● What you have to do
Return the records that follow unaltered. Omit every picture.

● Provided data
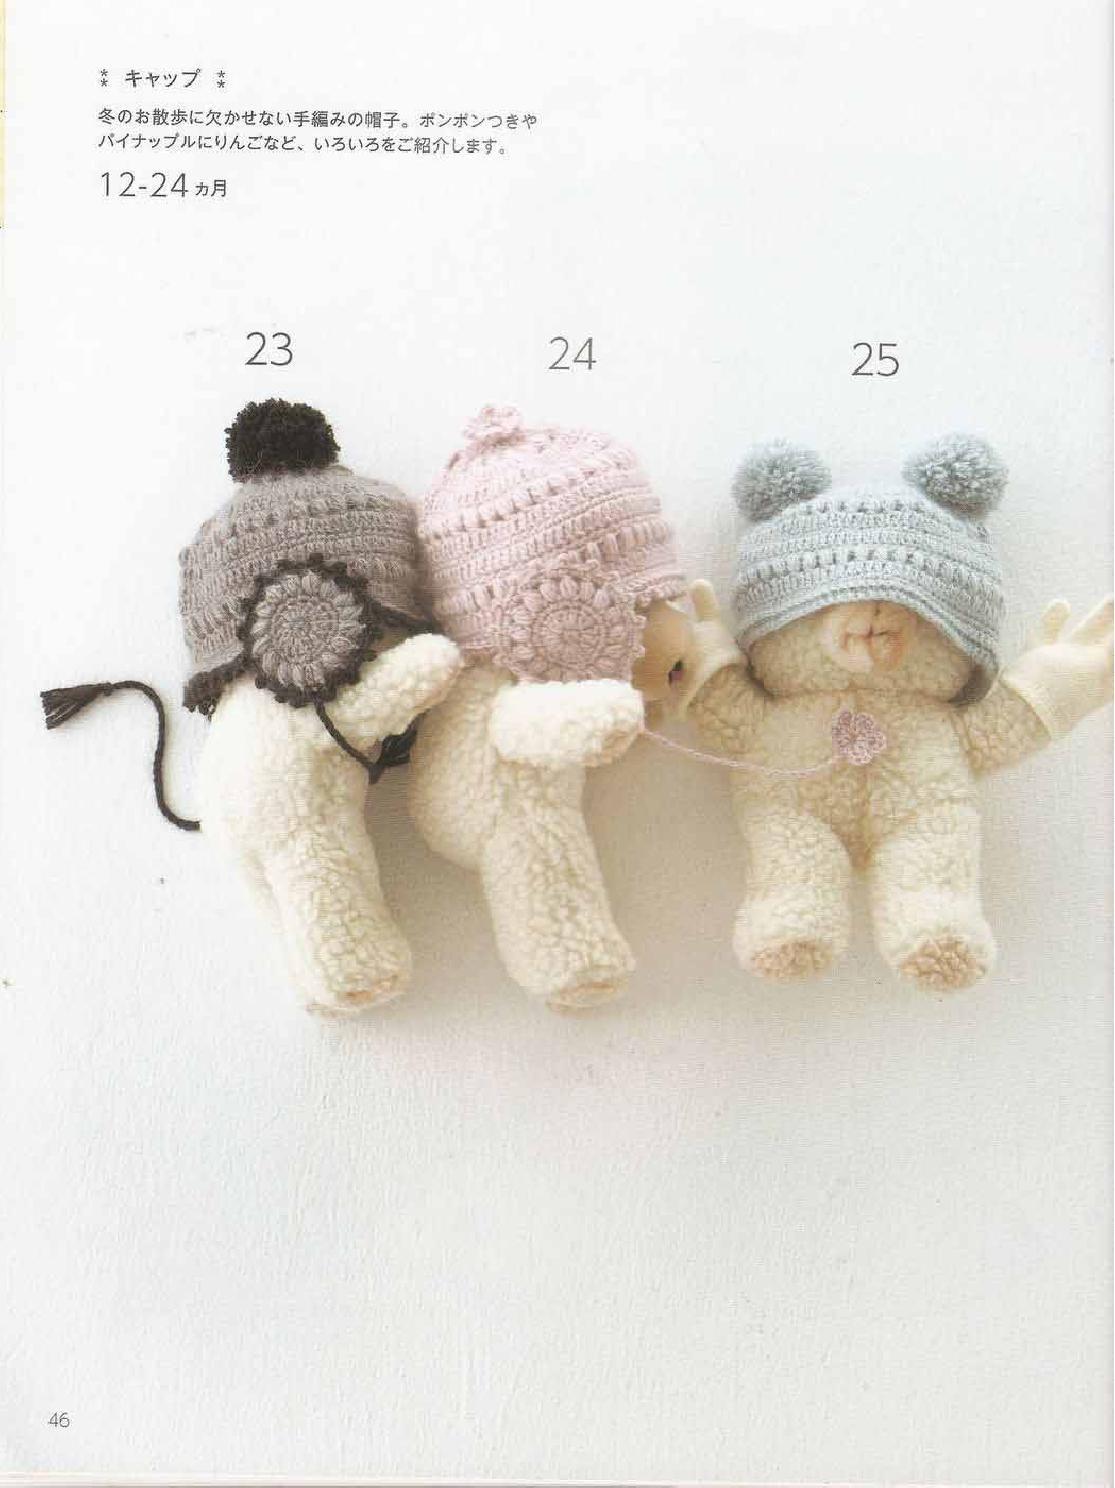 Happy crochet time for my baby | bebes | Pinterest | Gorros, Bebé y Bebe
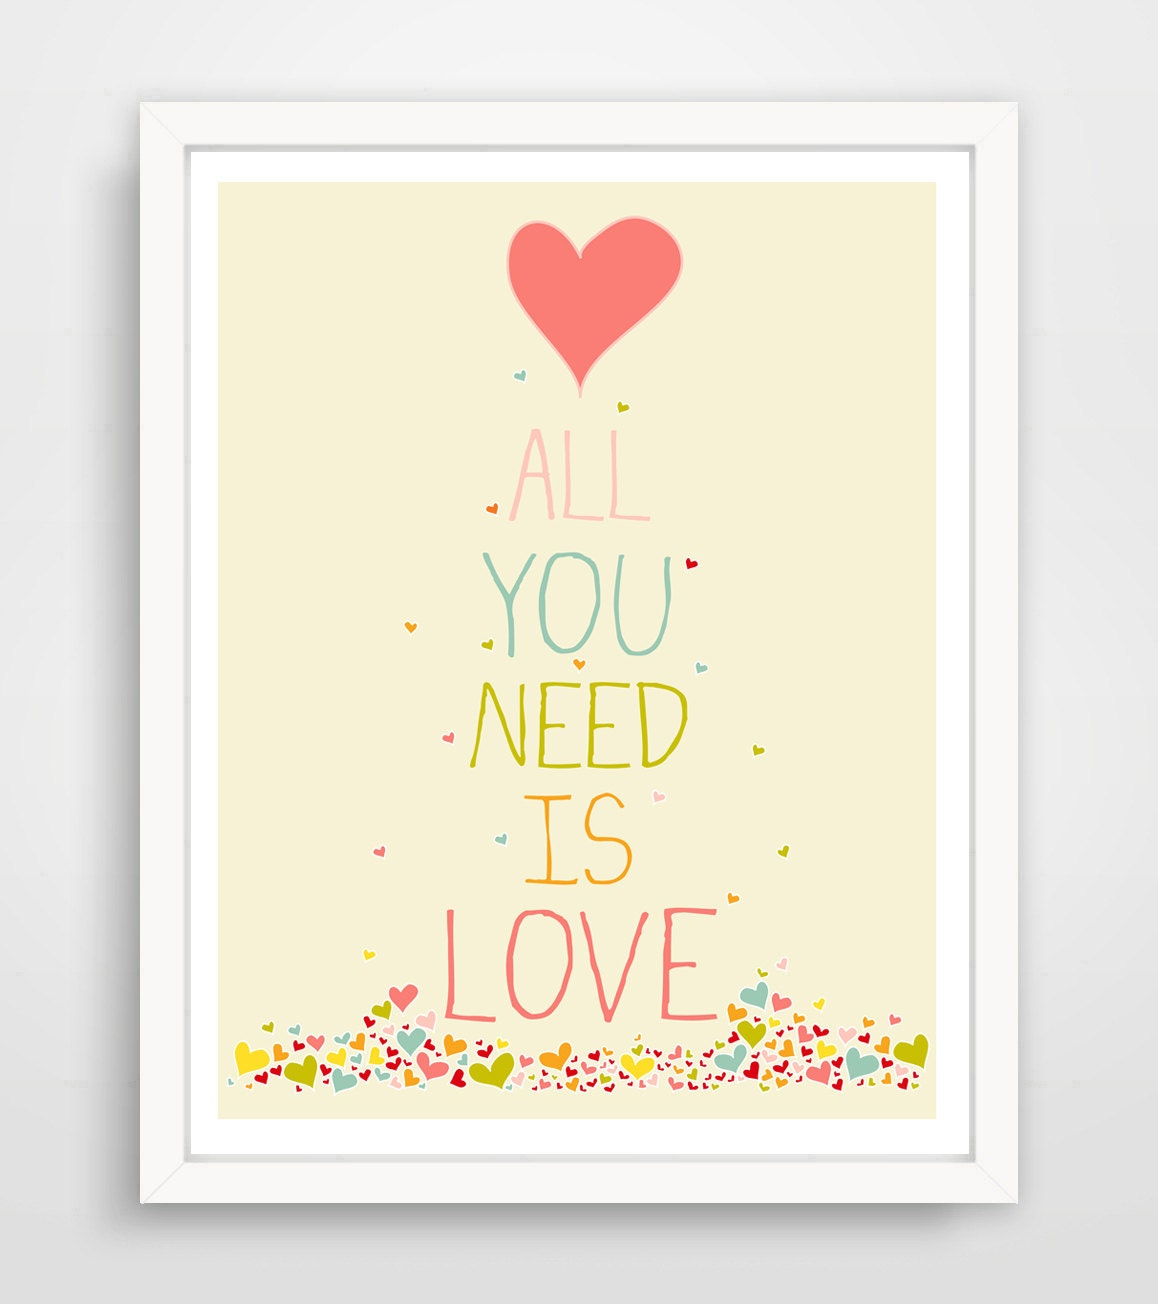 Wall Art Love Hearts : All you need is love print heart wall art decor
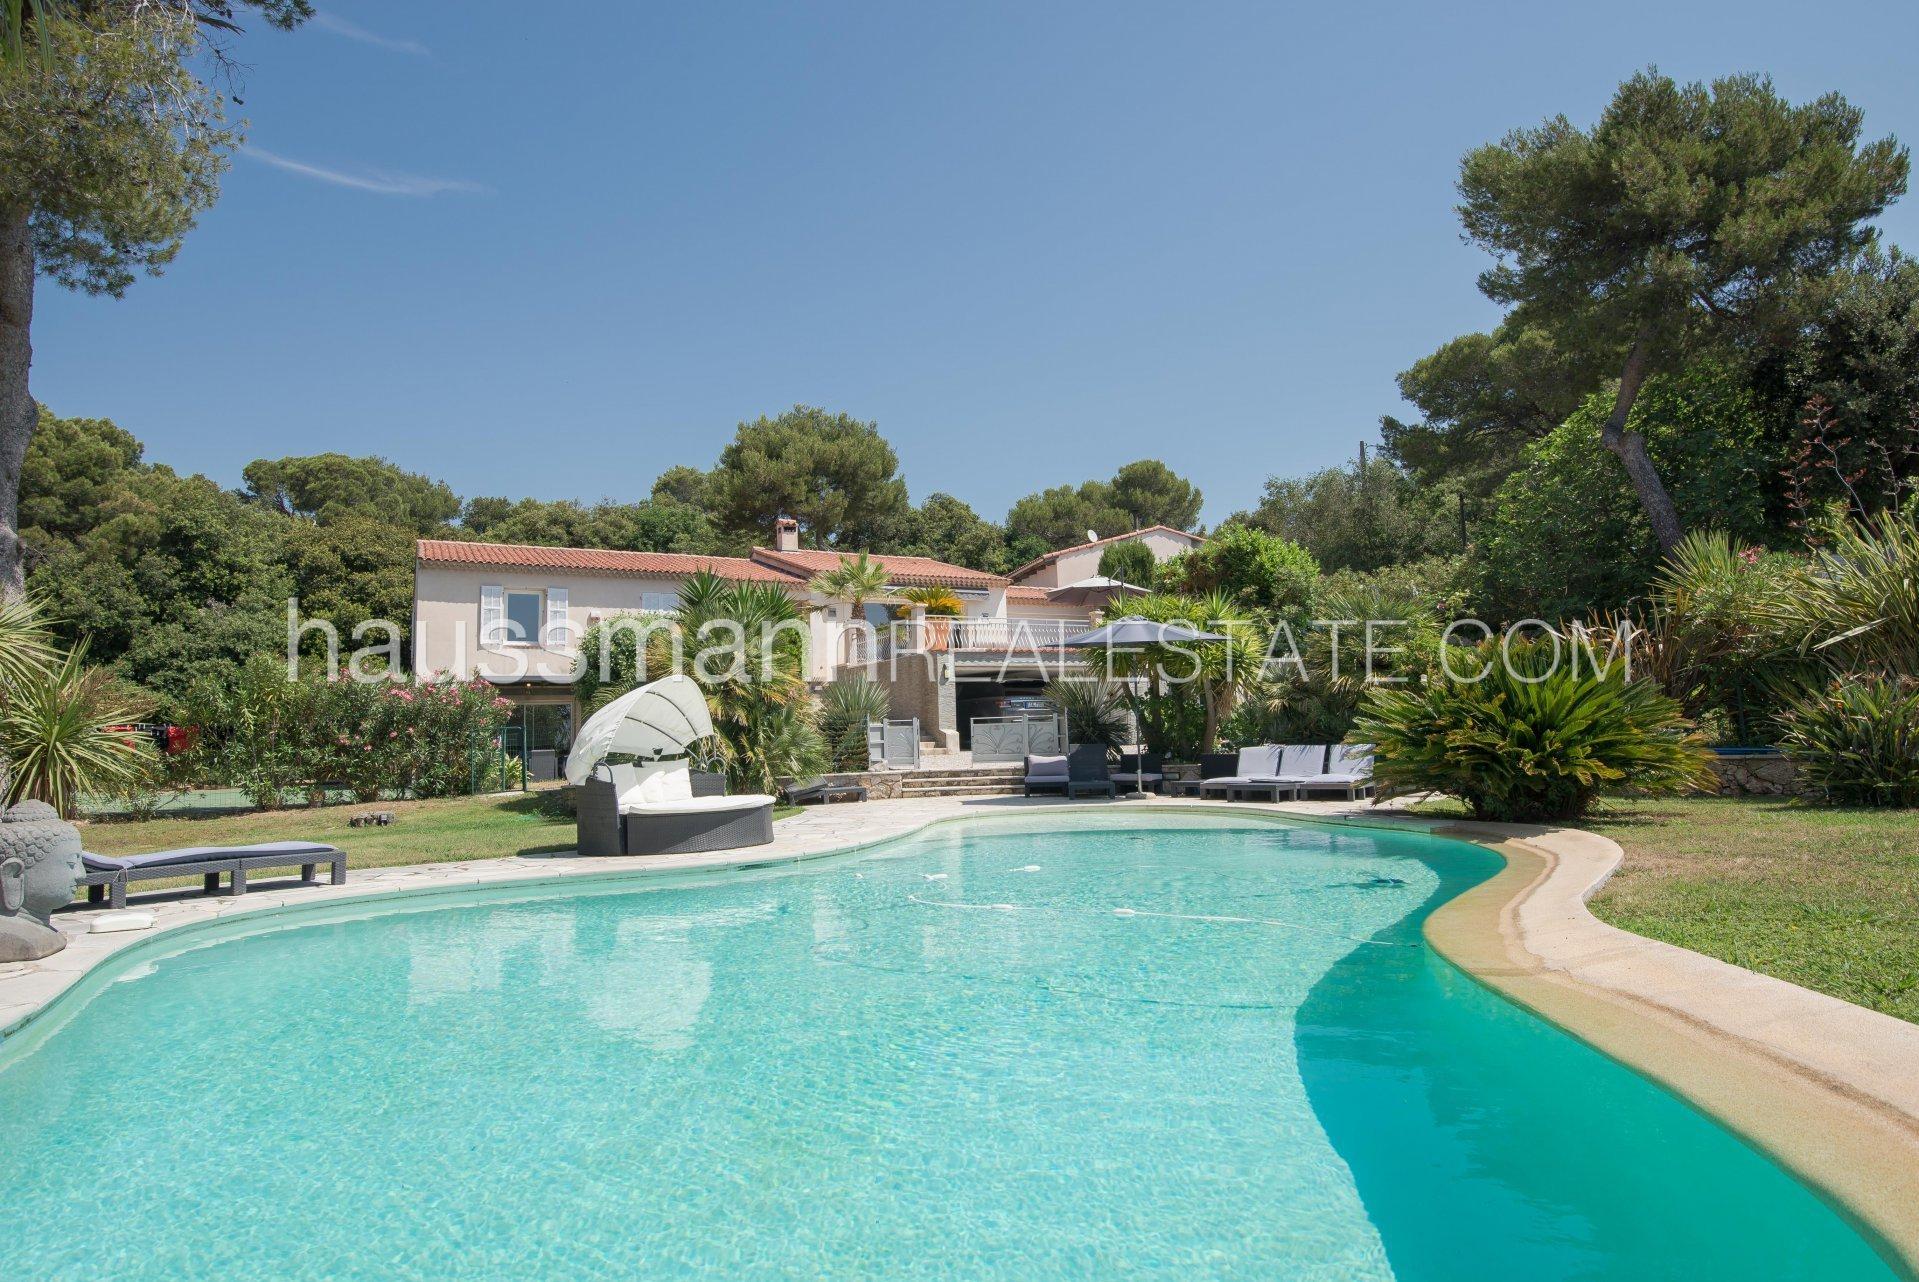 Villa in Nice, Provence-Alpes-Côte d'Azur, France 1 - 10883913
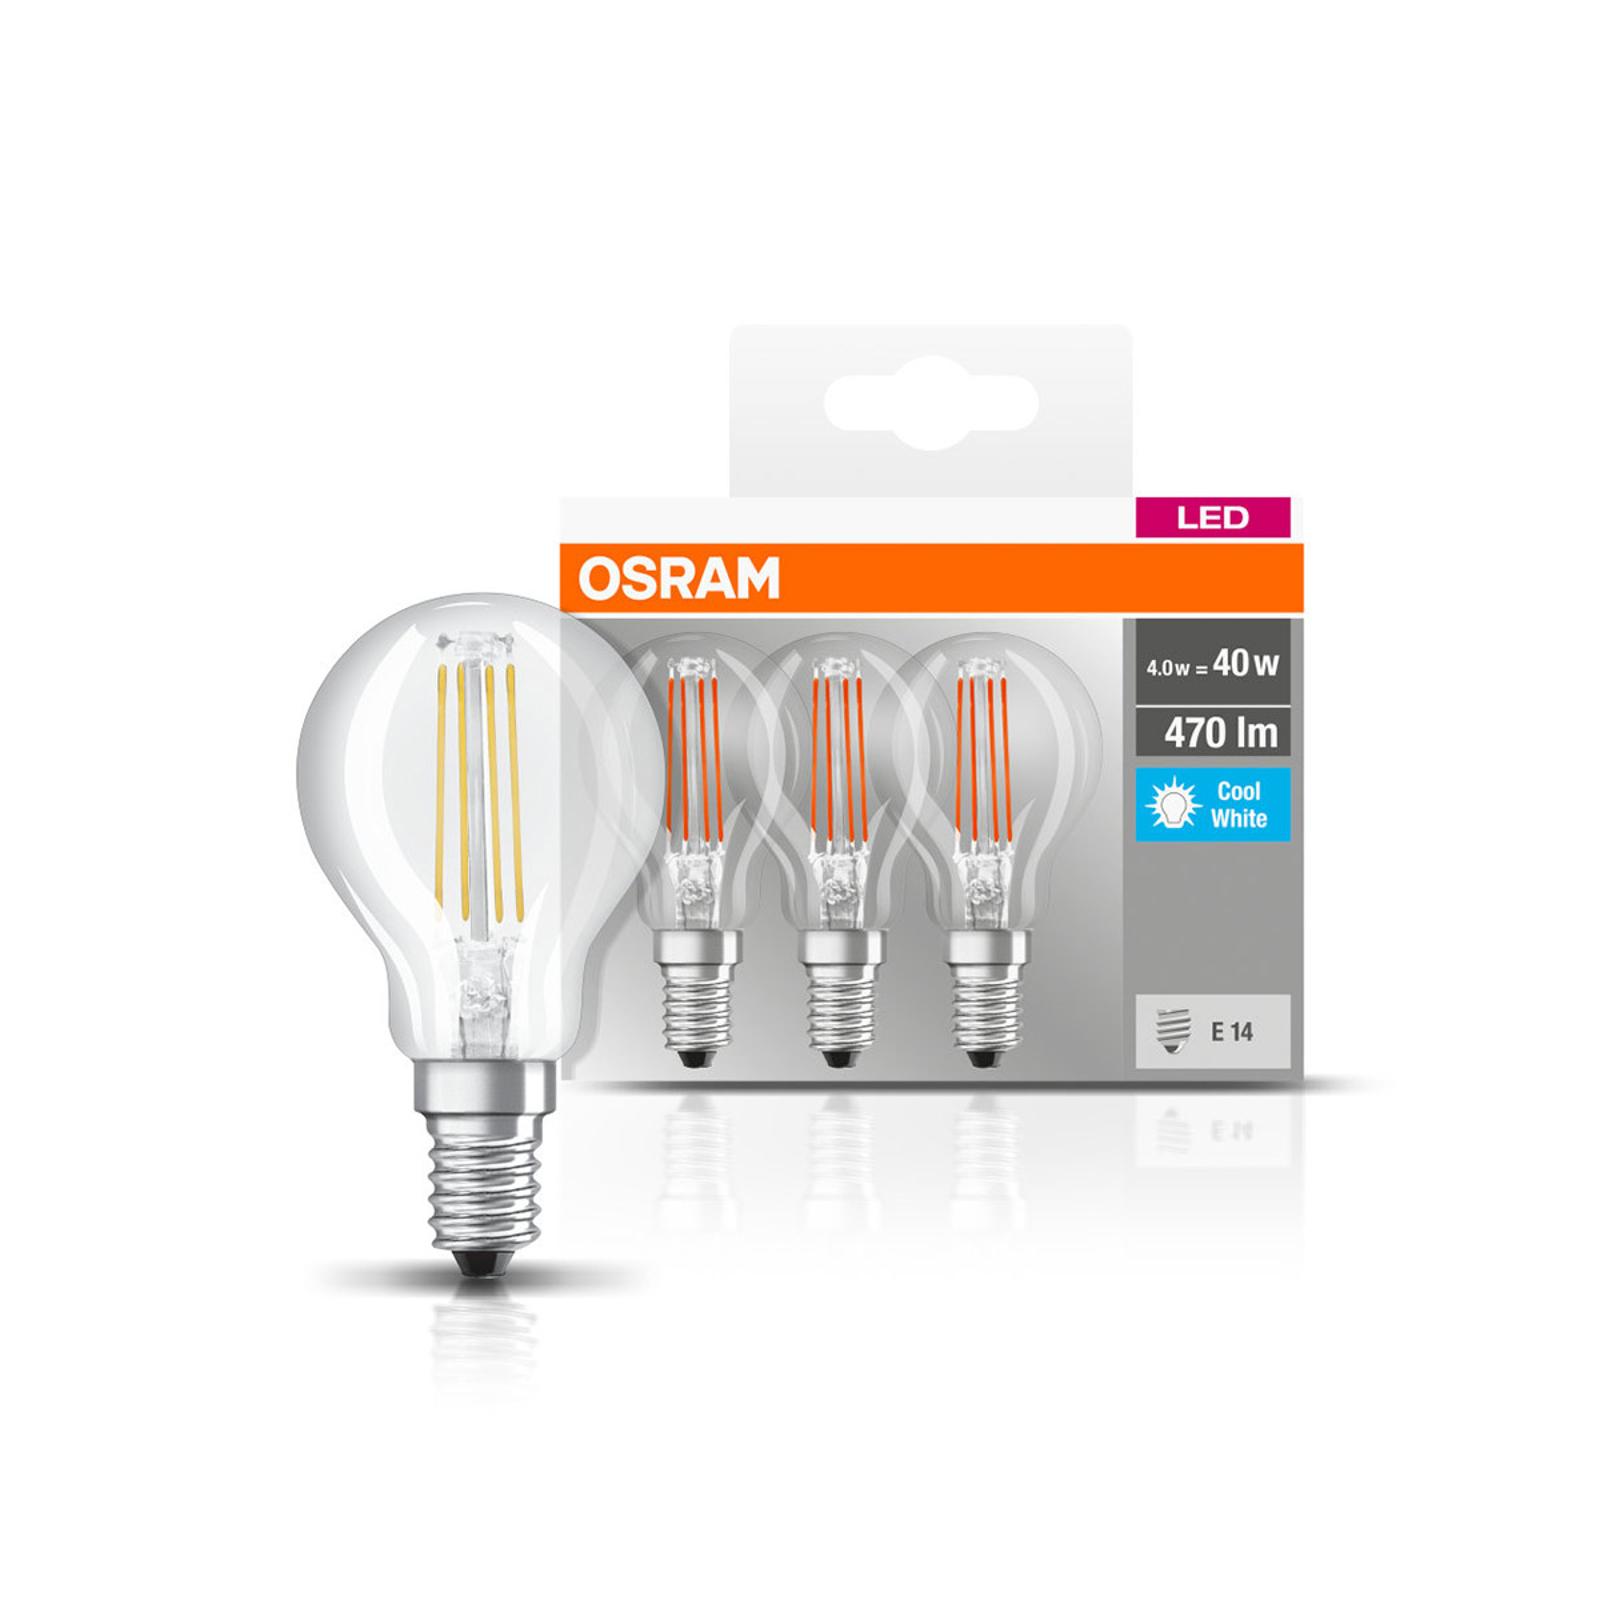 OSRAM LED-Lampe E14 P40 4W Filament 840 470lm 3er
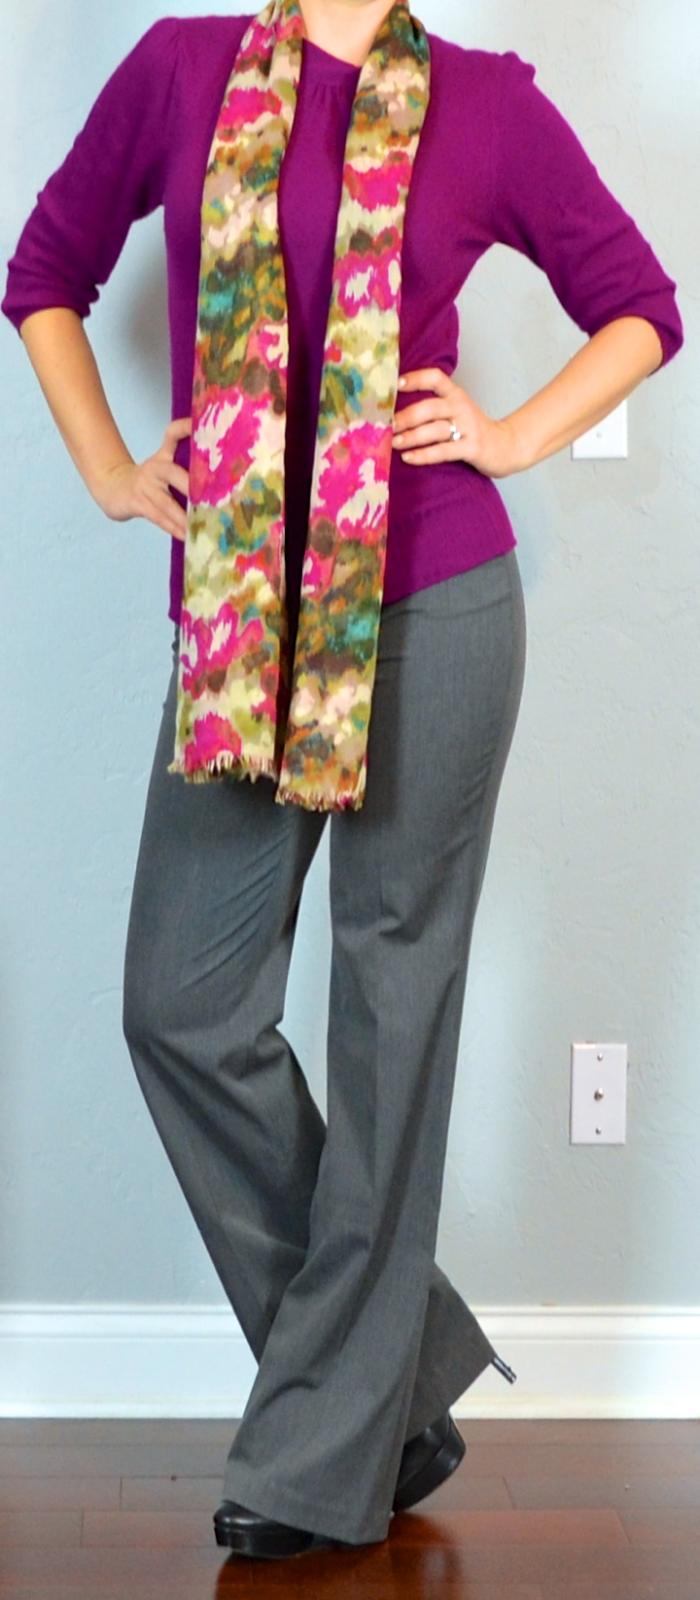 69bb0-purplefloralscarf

● Output
 Happy crochet time for my baby | bebes | Pinterest | Gorros, Bebé y Bebe
 Wall Art Love Hearts : All you need is love print heart wall art decor
 Villa in Nice, Provence-Alpes-Côte d'Azur, France 1 - 10883913
 OSRAM LED-Lampe E14 P40 4W Filament 840 470lm 3er
 69bb0-purplefloralscarf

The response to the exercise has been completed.